[[ Information open ]]

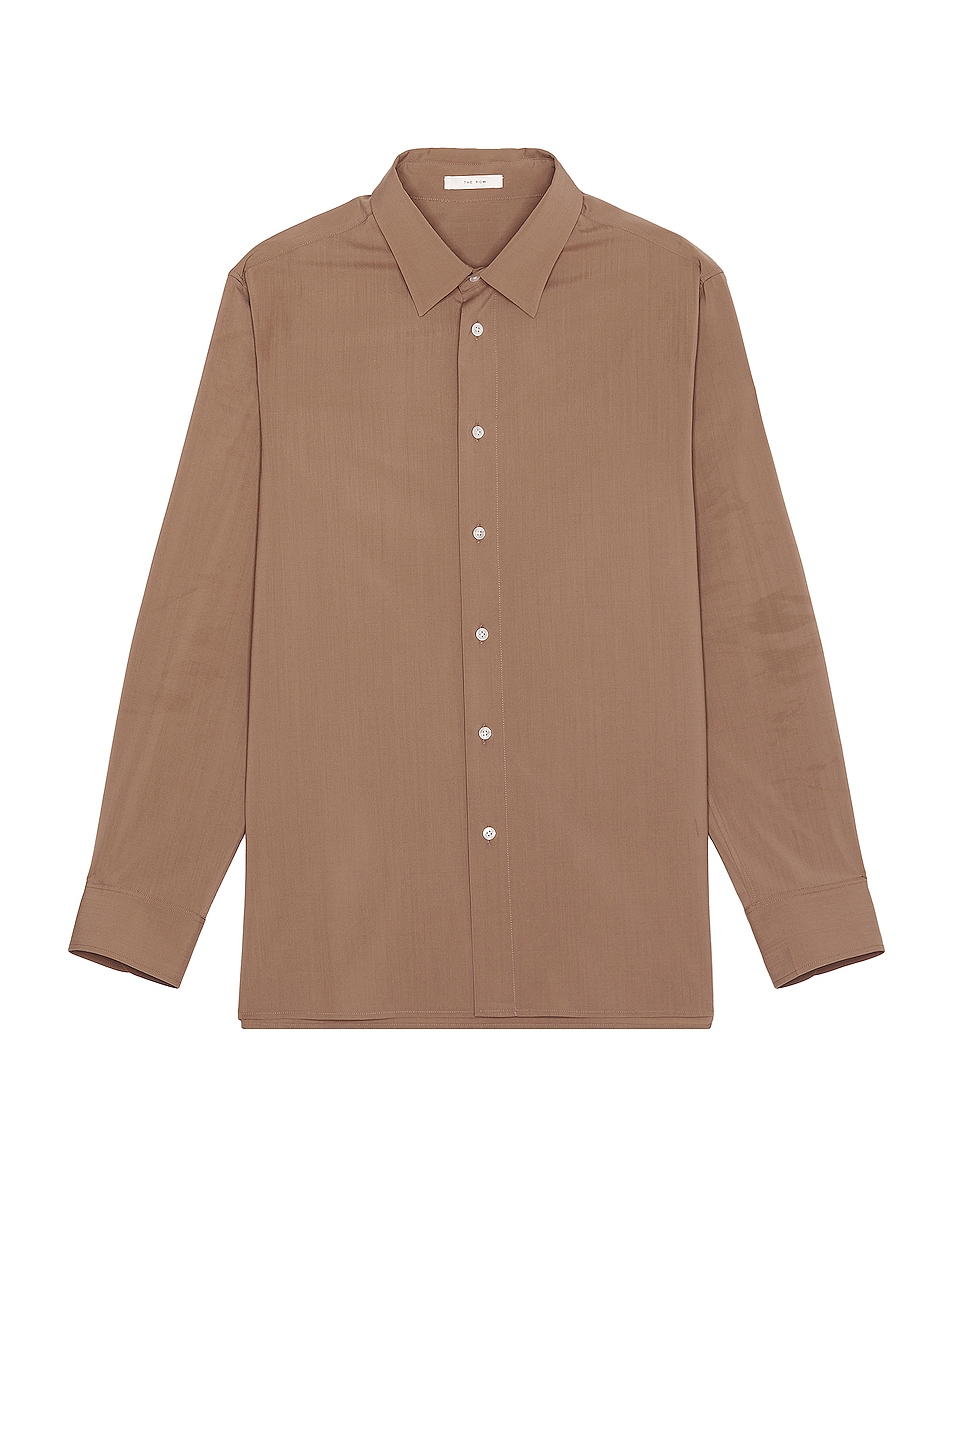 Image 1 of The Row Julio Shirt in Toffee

[[ Information closed ]]
[[ Information open ]]

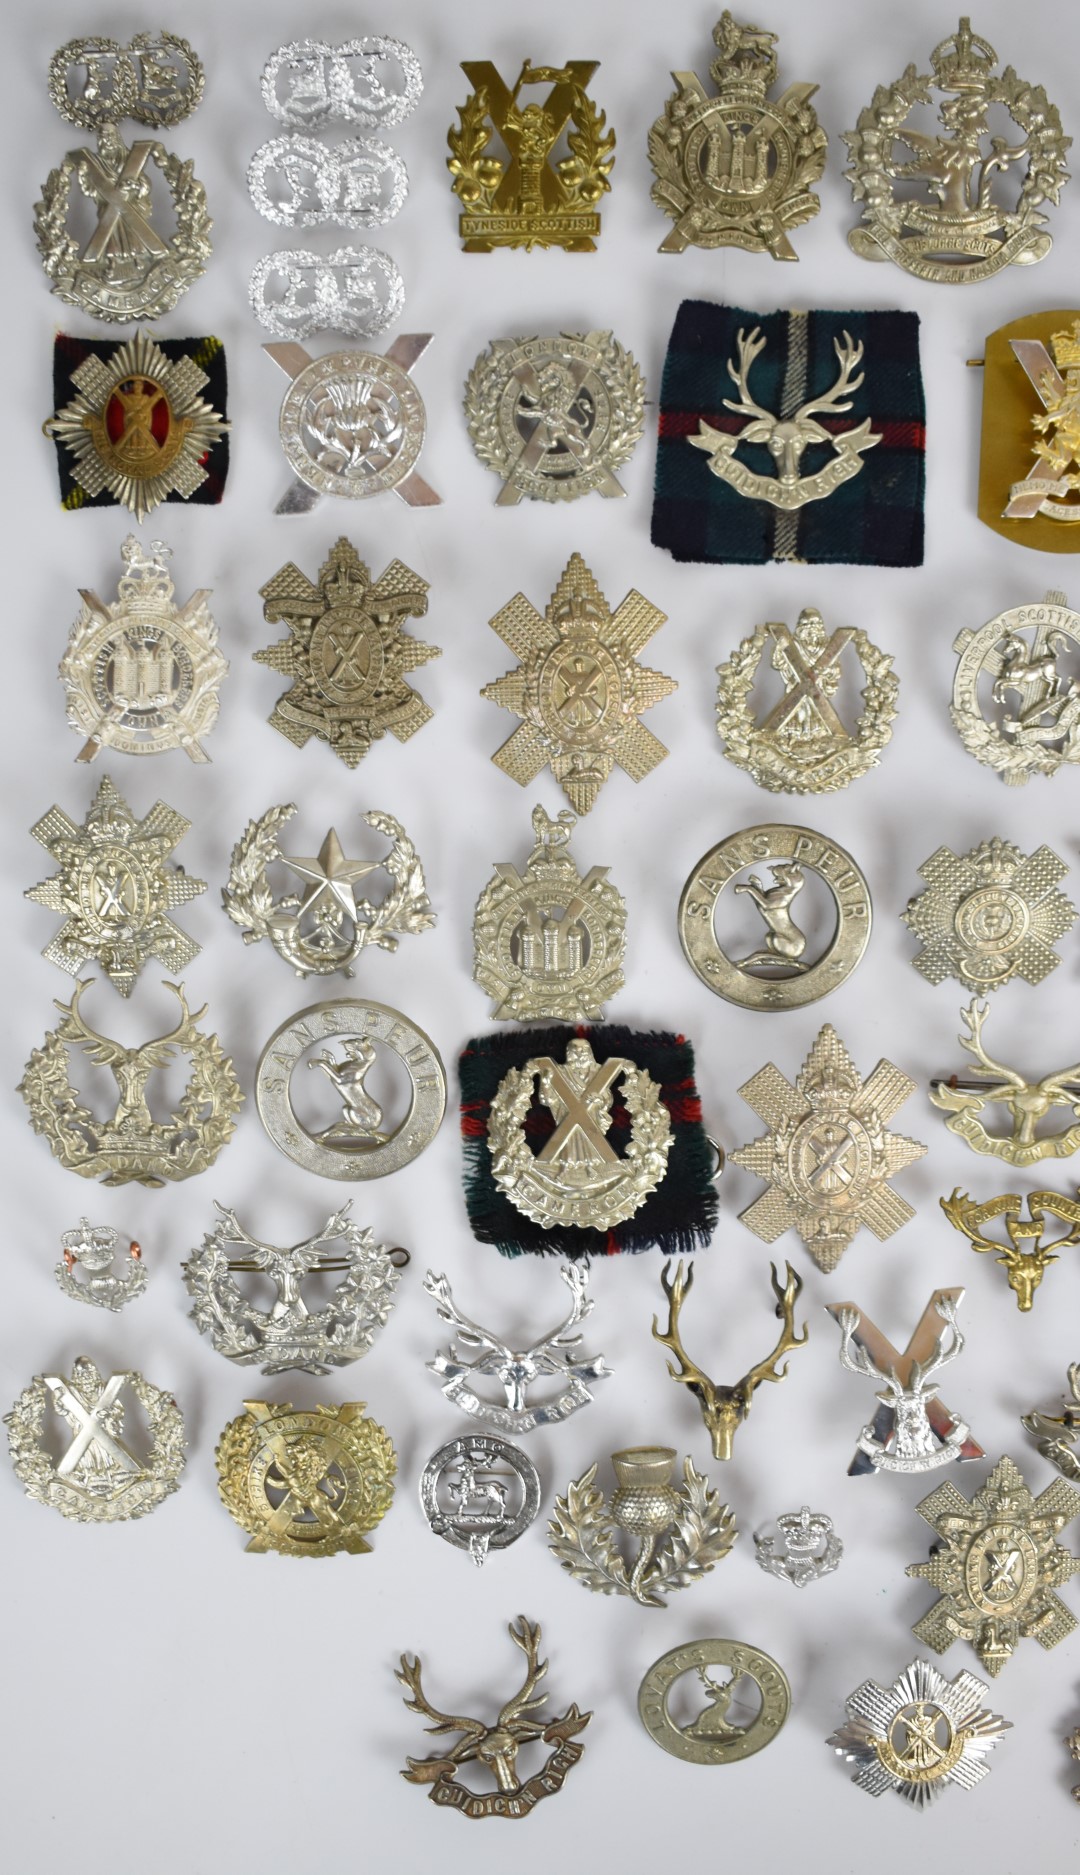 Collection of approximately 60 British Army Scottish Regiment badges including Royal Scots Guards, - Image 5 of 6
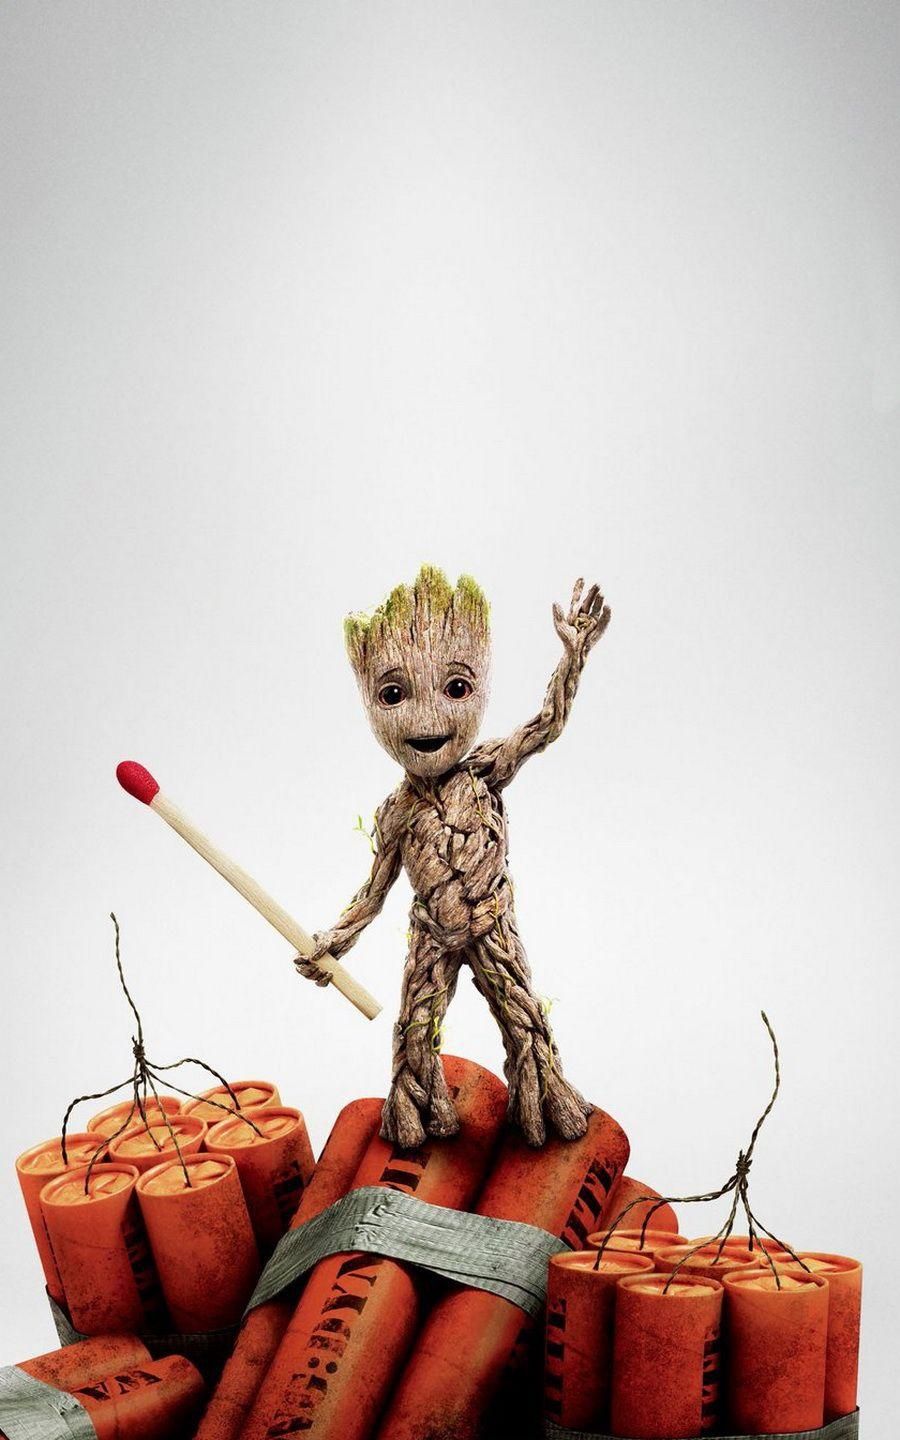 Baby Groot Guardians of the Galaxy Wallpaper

[[ Information closed ]]
[[ Information open ]]

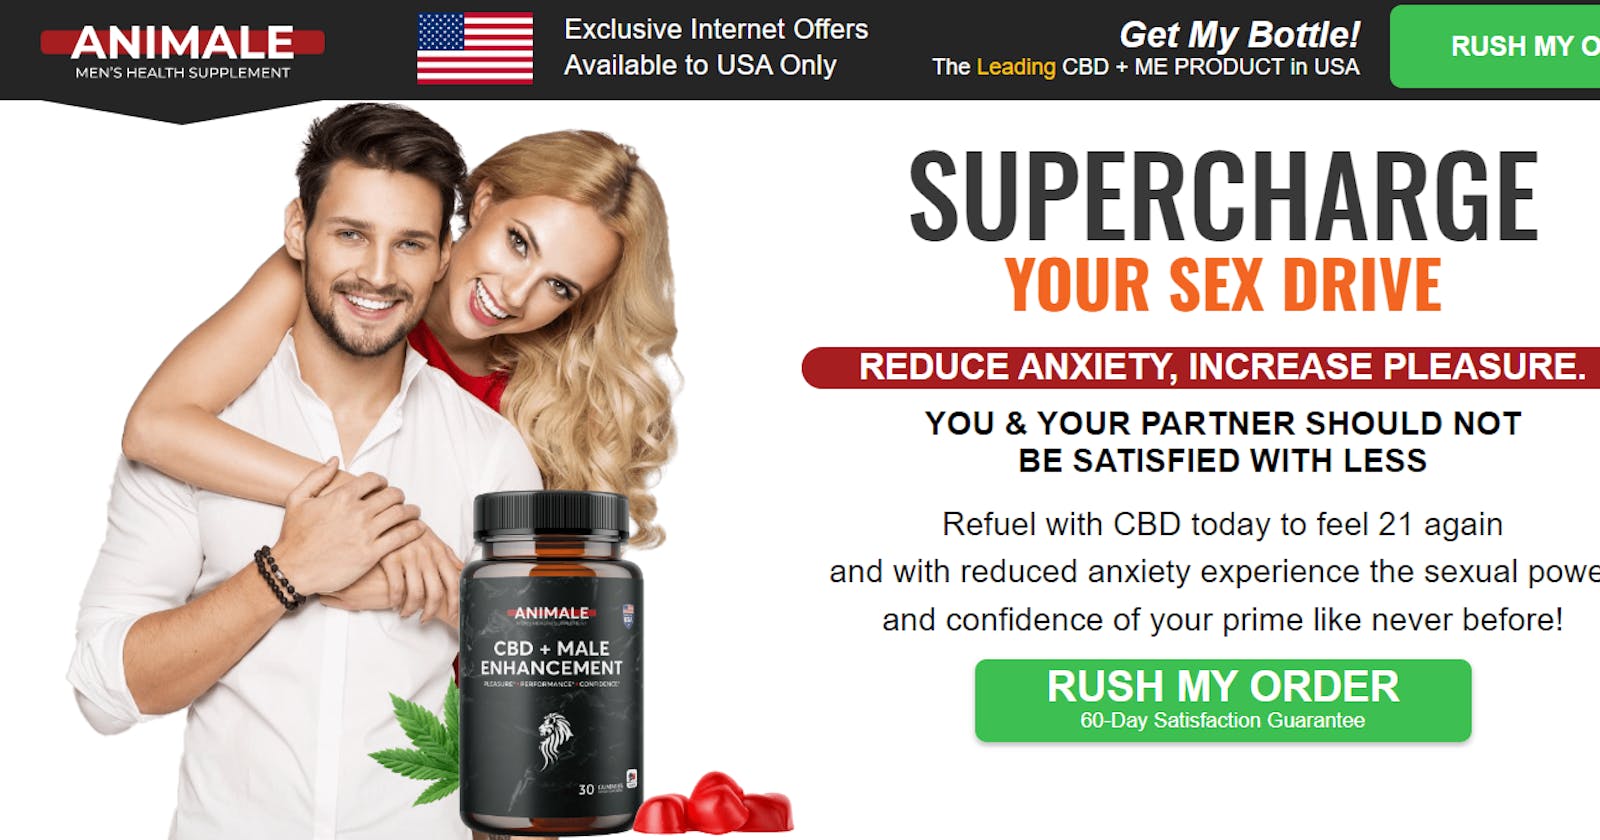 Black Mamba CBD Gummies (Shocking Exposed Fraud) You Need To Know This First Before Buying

[[ Information closed ]]

* **What to work on**:
Working from the data above, repeat exactly, and only, the lines that begin at the line containing "Collection of approximately" and stop after the line containing "Baby Groot Guardians of the Galaxy Wallpaper"; pictures are not copied.

* **Solution to the problem**:
 Collection of approximately 60 British Army Scottish Regiment badges including Royal Scots Guards, - Image 5 of 6
 Baby Groot Guardians of the Galaxy Wallpaper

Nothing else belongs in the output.